Today's issue explores a contrarian approach to pain management.

A quick refresher for anyone who's new to the newsletter: 66.1 is the average health span (years lived without a serious disease) in the US. We're here to extend that.

In case you missed it:
Wednesday's issue of 66.1

In this week's issue of 66.1:

A closer look at the conversation around walking and building your health

-The importance of developing a mobility practice in your life
-The dangers of muting pain signals by taking medications
-How walking should fit into your exercise routine


Setting the scene

A couple months ago, we published a guide to help remedy your back pain.

Central to this guide is the idea of a mobility practice.

The back pain guide focused on the probable cause of your back pain and touched on how to treat it. Our goal with today’s newsletter is to take it one step further and deliver an approach you can use to identify the source of any joint pain, treat your pain without medications, and disrupt the cause of this pain so you can live pain-free.

Notably, “joint pain” does not refer to joint pain caused by arthritis or other diagnosed medical conditions.

If you’ve been diagnosed with such a condition, please speak to your doctor before you enact the advice that follows.

What follows is my take on the value of a mobility practice in helping you live pain free.


What is a mobility practice?

A mobility practice is a series of low to moderate intensity exercises that are designed to expand your range of motion and restore your body to natural postures.

It also has the added benefit of reducing pain.

When I think of mobility training, I think of dynamic and static stretching, as well as using tools like foam rollers, lacrosse balls, and Theraguns to alleviate tension and soreness.

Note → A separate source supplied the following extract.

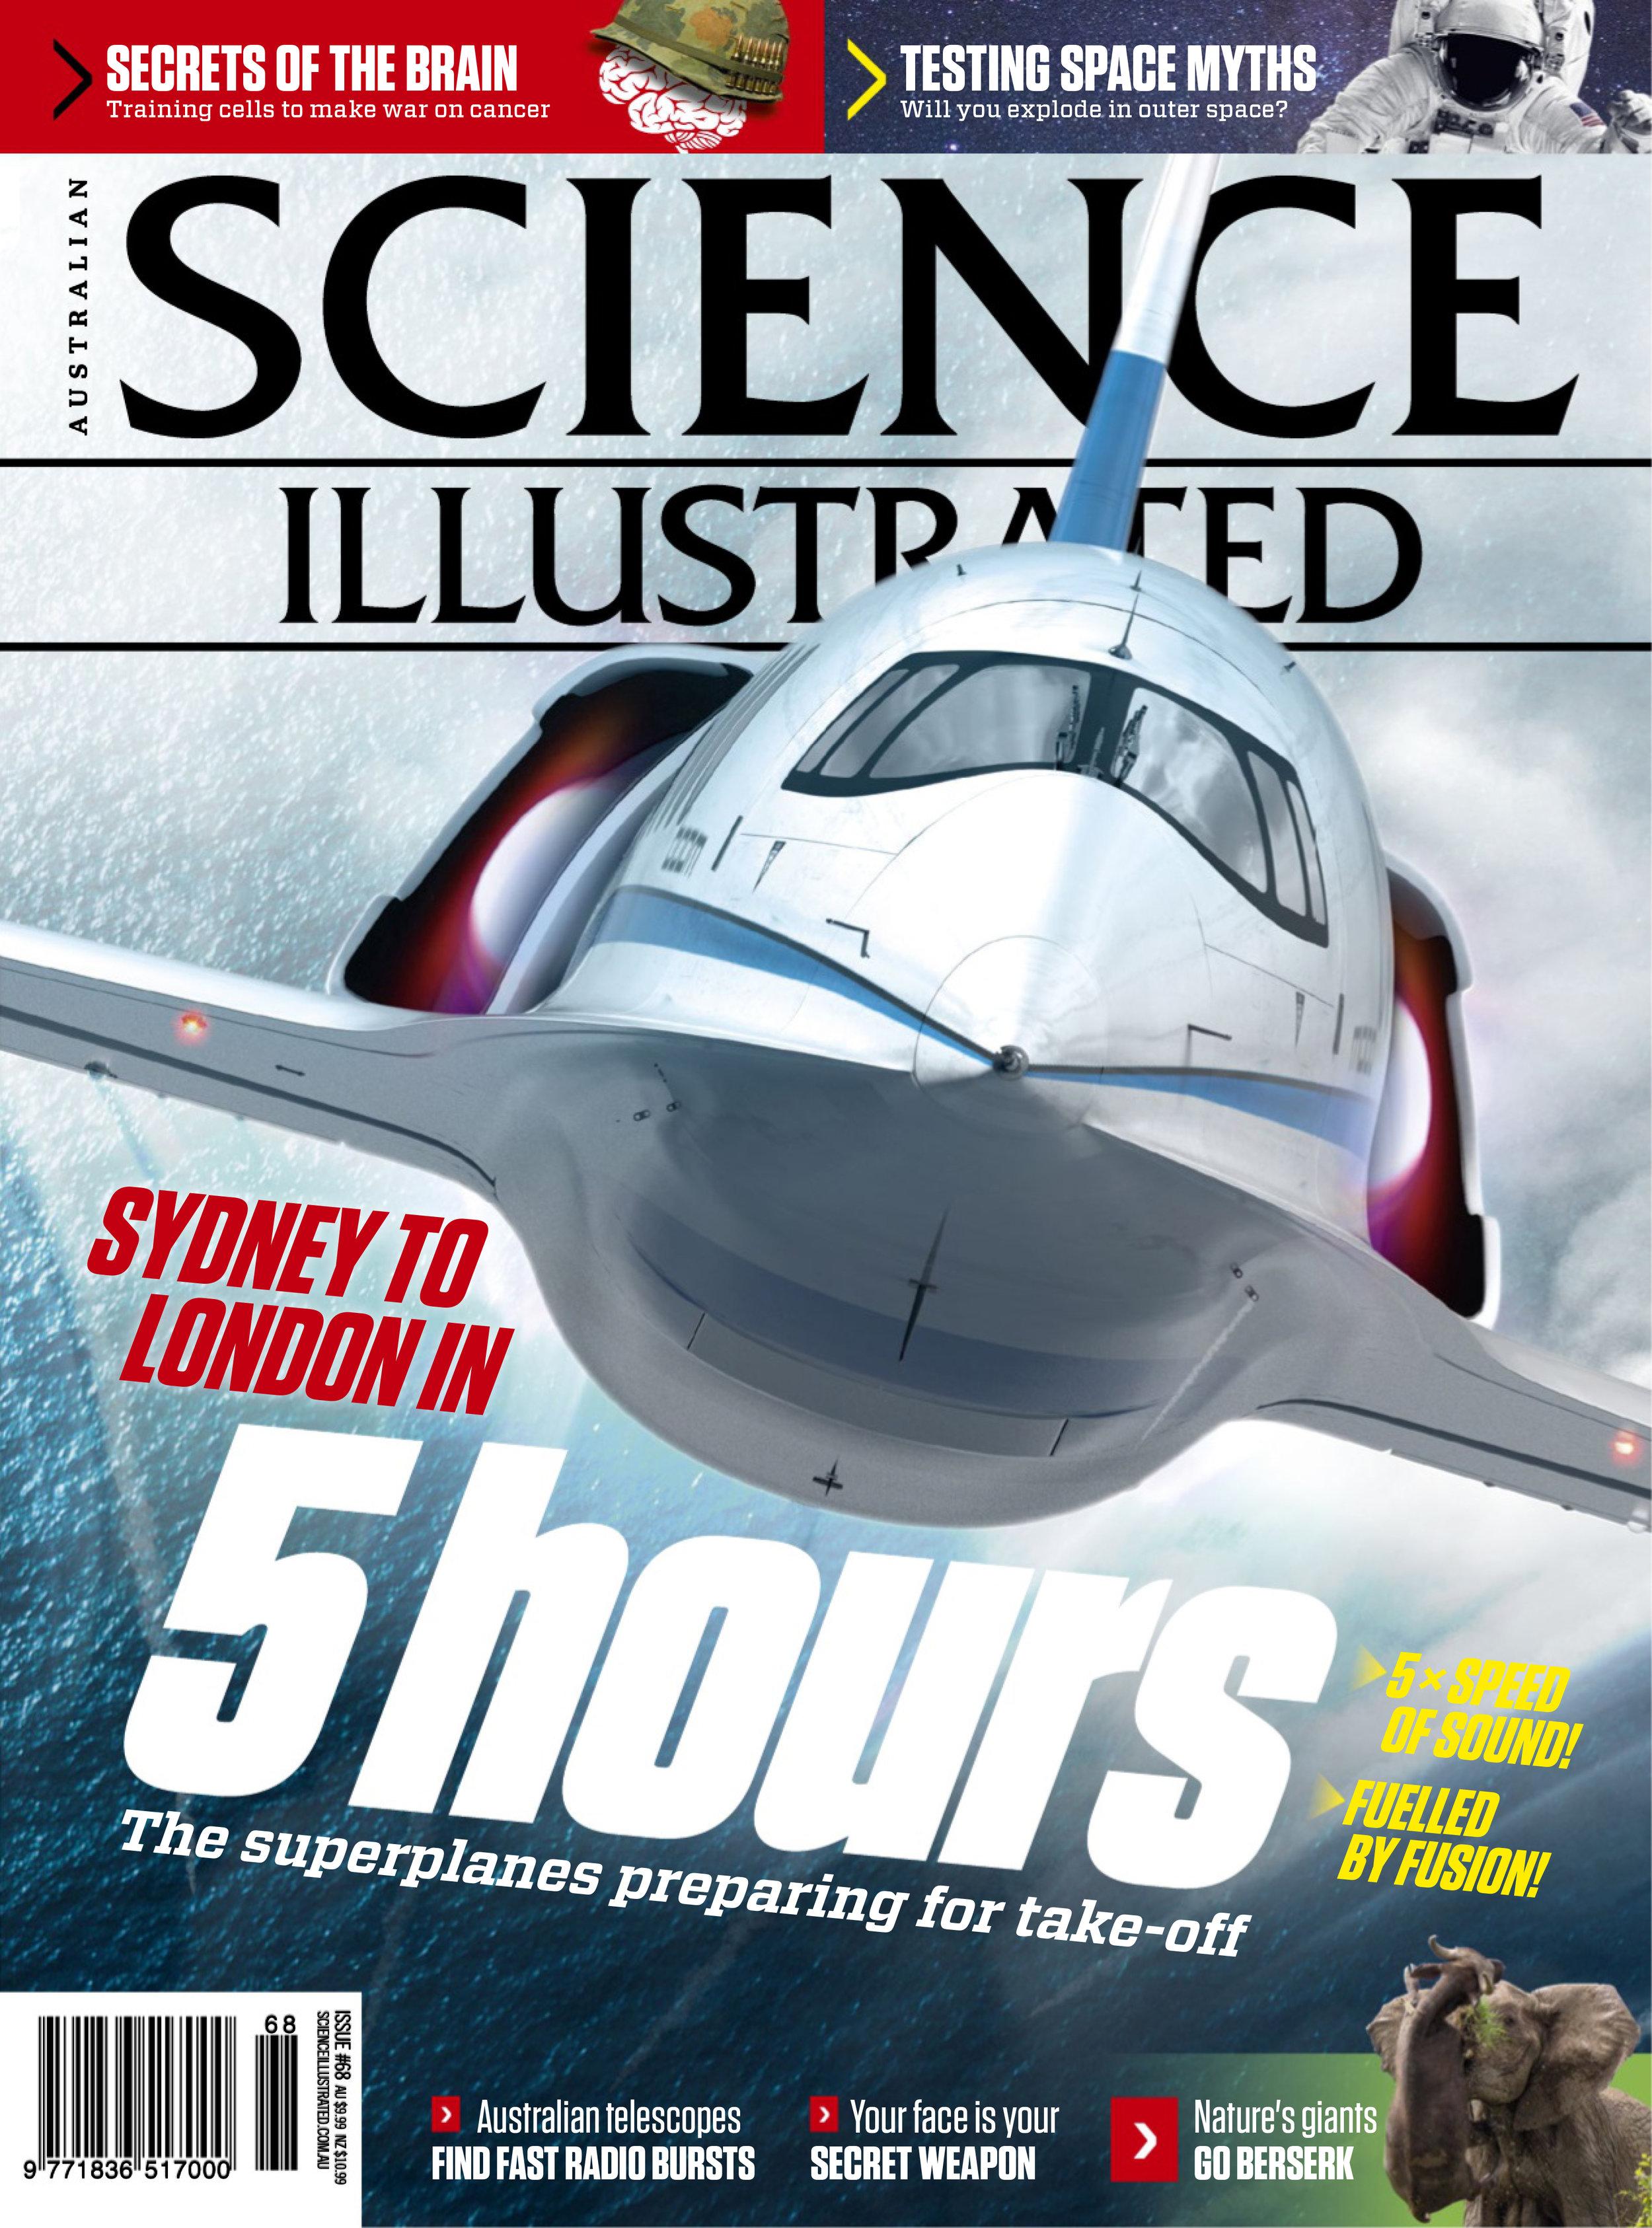 Science_Illustrated_Australia_-_June_22_2019-2.jpg

They’re not terribly different from torture devices.

Use them wisely.


Why mobility?

2 reasons:

1. You’ve been in pain recently
CDC says roughly 59% of Americans have been in pain in the past 3 months. And the vast majority of that pain can be grouped as “musculoskeletal” (muscles and bones).

I’m writing this from an airplane. According to the CDC statistic, of the 5 people in addition to myself sitting in row 18, 3 of them have dealt with musculoskeletal pain in the past 3 months. With me, we’re at 4/6.

Put another way, of the 1,299 people subscribed to 66.1, 766 of you are suffering from some sort of joint pain as you read this.

2. Self-reliance = freedom

Making yet another appointment with the chiropractor or being a lifetime subscriber to a pharmaceutical is expensive. And outsourcing your pain management means you don’t have control of your body (or your life).

If, every time you take a long haul flight, your back goes out and you need a medical professional, you can kiss your dreams of international travel goodbye.

Another example: if, every time you throw the football with your son, your shoulder feels like you got hit by a bus, you’re going to spend less quality time with your son.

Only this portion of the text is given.